Y ello no porque se crea que la voluntad popular deba ser suplantada, sino porque se ha caído en la cuenta de que la razón importa, que el conocimiento disponible, que los límites de la realidad (que en el caso de la identidad nacional ha sido forjada en doscientos años) valen la pena de ser considerados. El amplio y lento conocimiento legal (portado por hombres de cuello y corbata y mujeres en traje sastre que hoy inundarán la deliberación colectiva) importa a la hora de diseñar la vida en común porque esas personas, cuando se atiende al conocimiento que manejan, permiten ahorrar esfuerzo, evitar tropiezos y acortar el camino. El conocimiento —también el conocimiento legal— permiten ahorrar desvelos y eludir errores.
Y para subrayar todo lo anterior, se encuentra una convicción que parece animar el conjunto de este acuerdo: la idea que Chile consiste en una comunidad política que, al margen de la diversidad histórica y étnica, equivale a una universalidad cohesionada por la igualdad ante la ley.

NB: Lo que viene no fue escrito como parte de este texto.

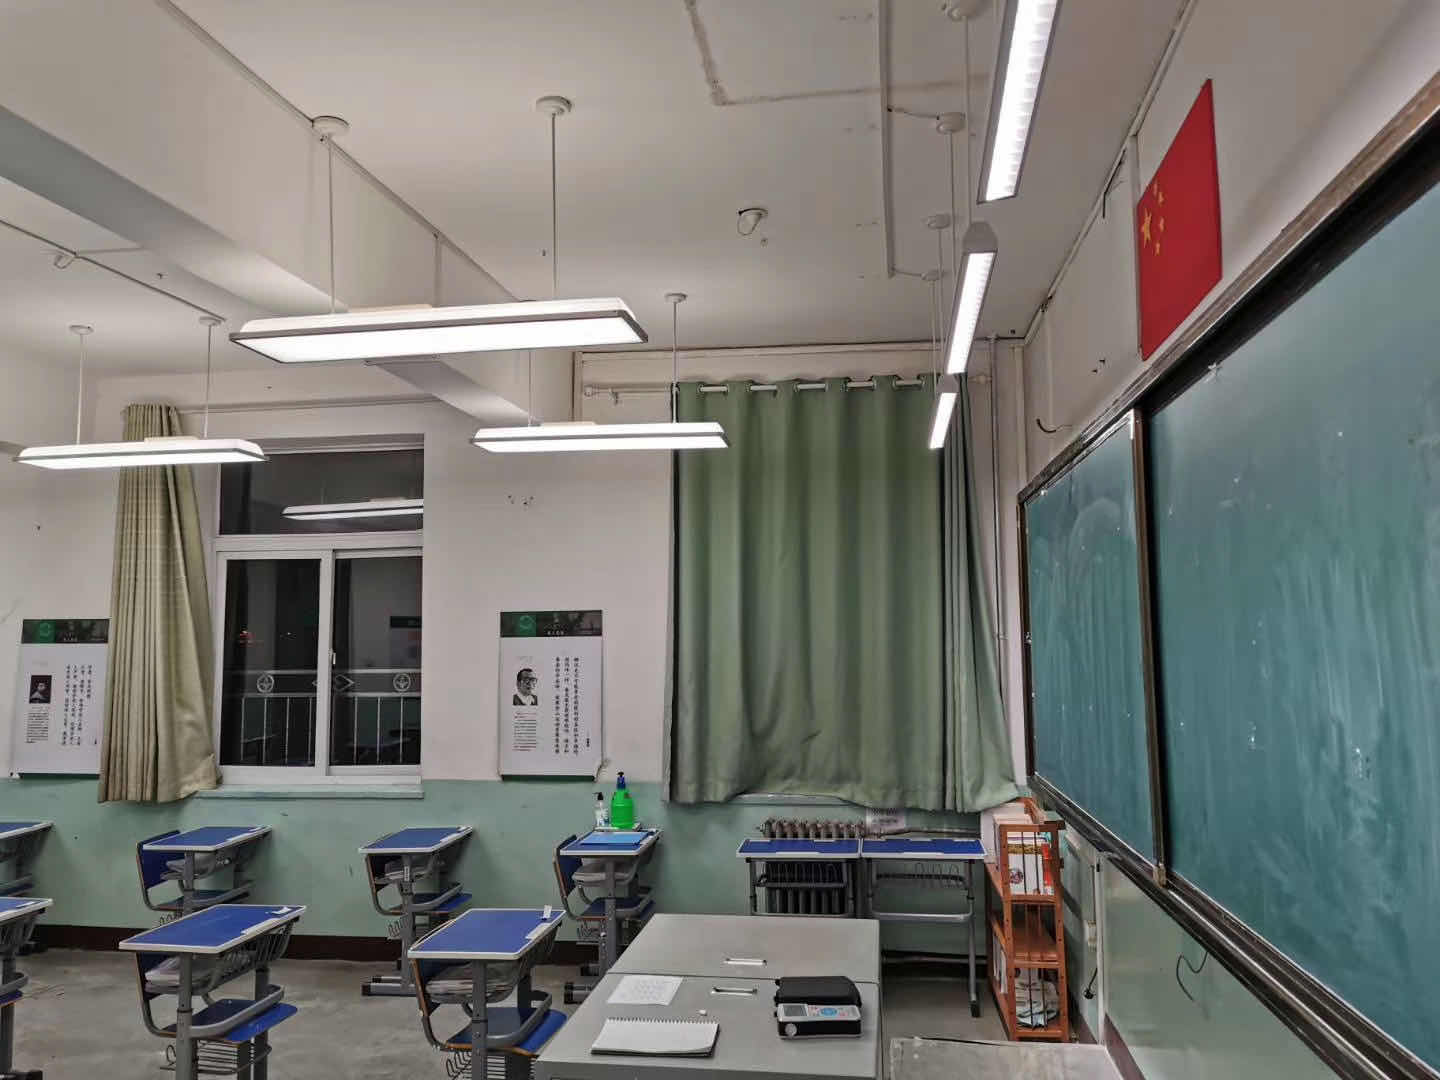 教室照明改造，不止是“新灯换旧灯”那么简单
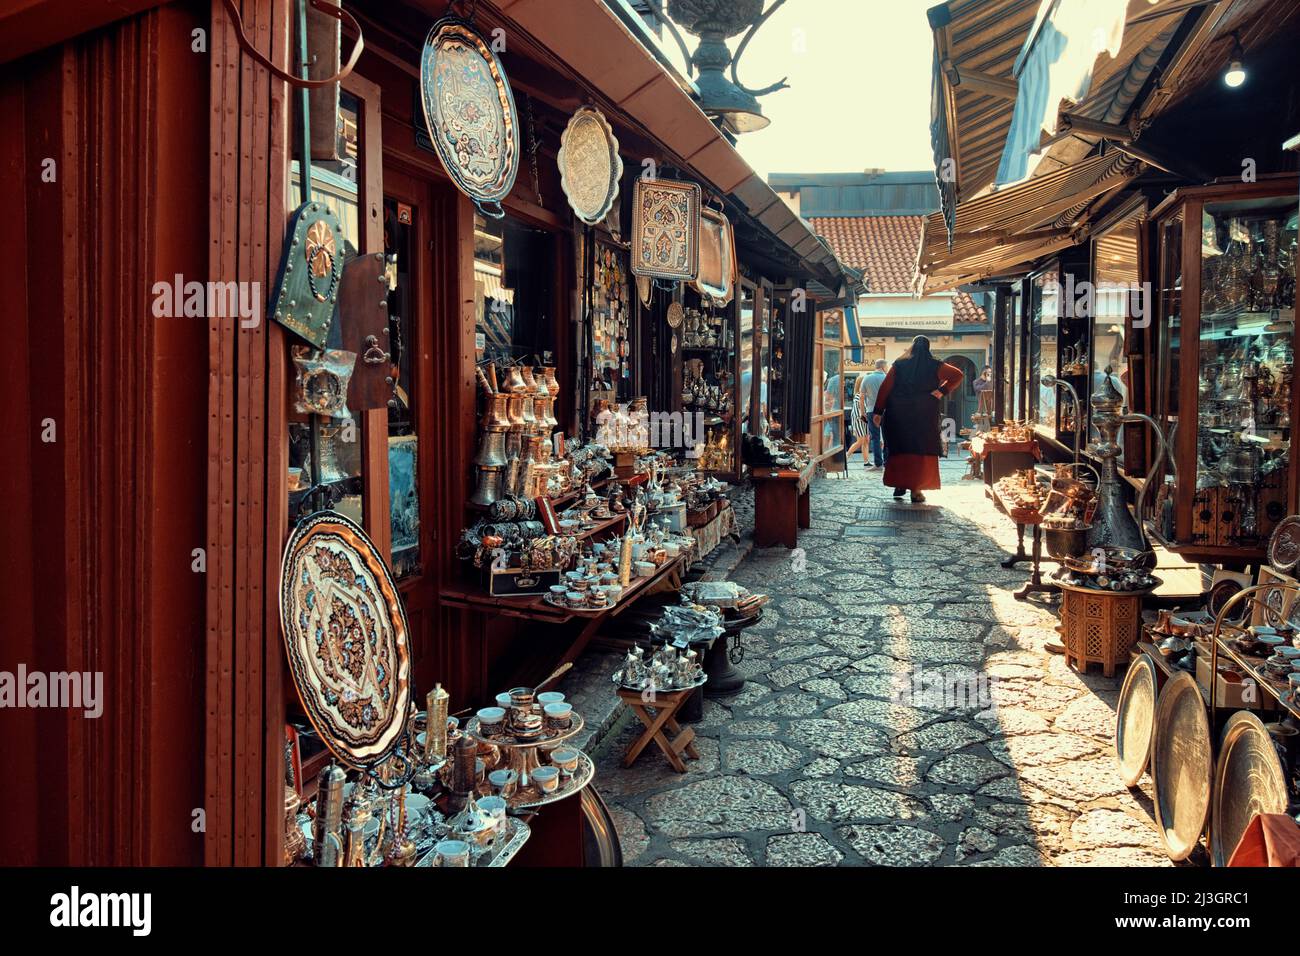 SARAJEVO, BOSNIA AND HERZEGOVINA - JULY 14, 2018: muslim woman walking in Old Sarajevo street bazaar Stock Photo

Es lo que subraya el título del acuerdo.
Ese título significa reconocer lo que la Convención puso en duda: allí donde se propugnó la existencia de múltiples naciones, este acuerdo destaca, sobre todo, la existencia de una sola en cuyo derredor erigen su identidad los demás pueblos. No deja de ser notable, y vale la pena subrayarlo, que los órganos representativos de la voluntad popular se hayan encargado de subrayar un hecho simbólico que durante los últimos meses pareció susceptible de ser negado sin dificultad alguna.
Quizá el título resuma todo lo que hay de bueno y susceptible de aplauso en este acuerdo: que fuere lo que fuere que se convenga en el tiempo que viene, él será el fruto de una comunidad política que, al margen del origen étnico o de clase de quienes la integran, tiene la disposición de imaginar un futuro común y estirarse para lograrlo como una comunidad de iguales. Es la receta de Renan y de Ortega: una nación no posee un pasado, sino un futuro compartido.
No hay mejor manera de describir la salud colectiva e individual: la vuelta a la realidad, el abrazo de la propia circunstancia.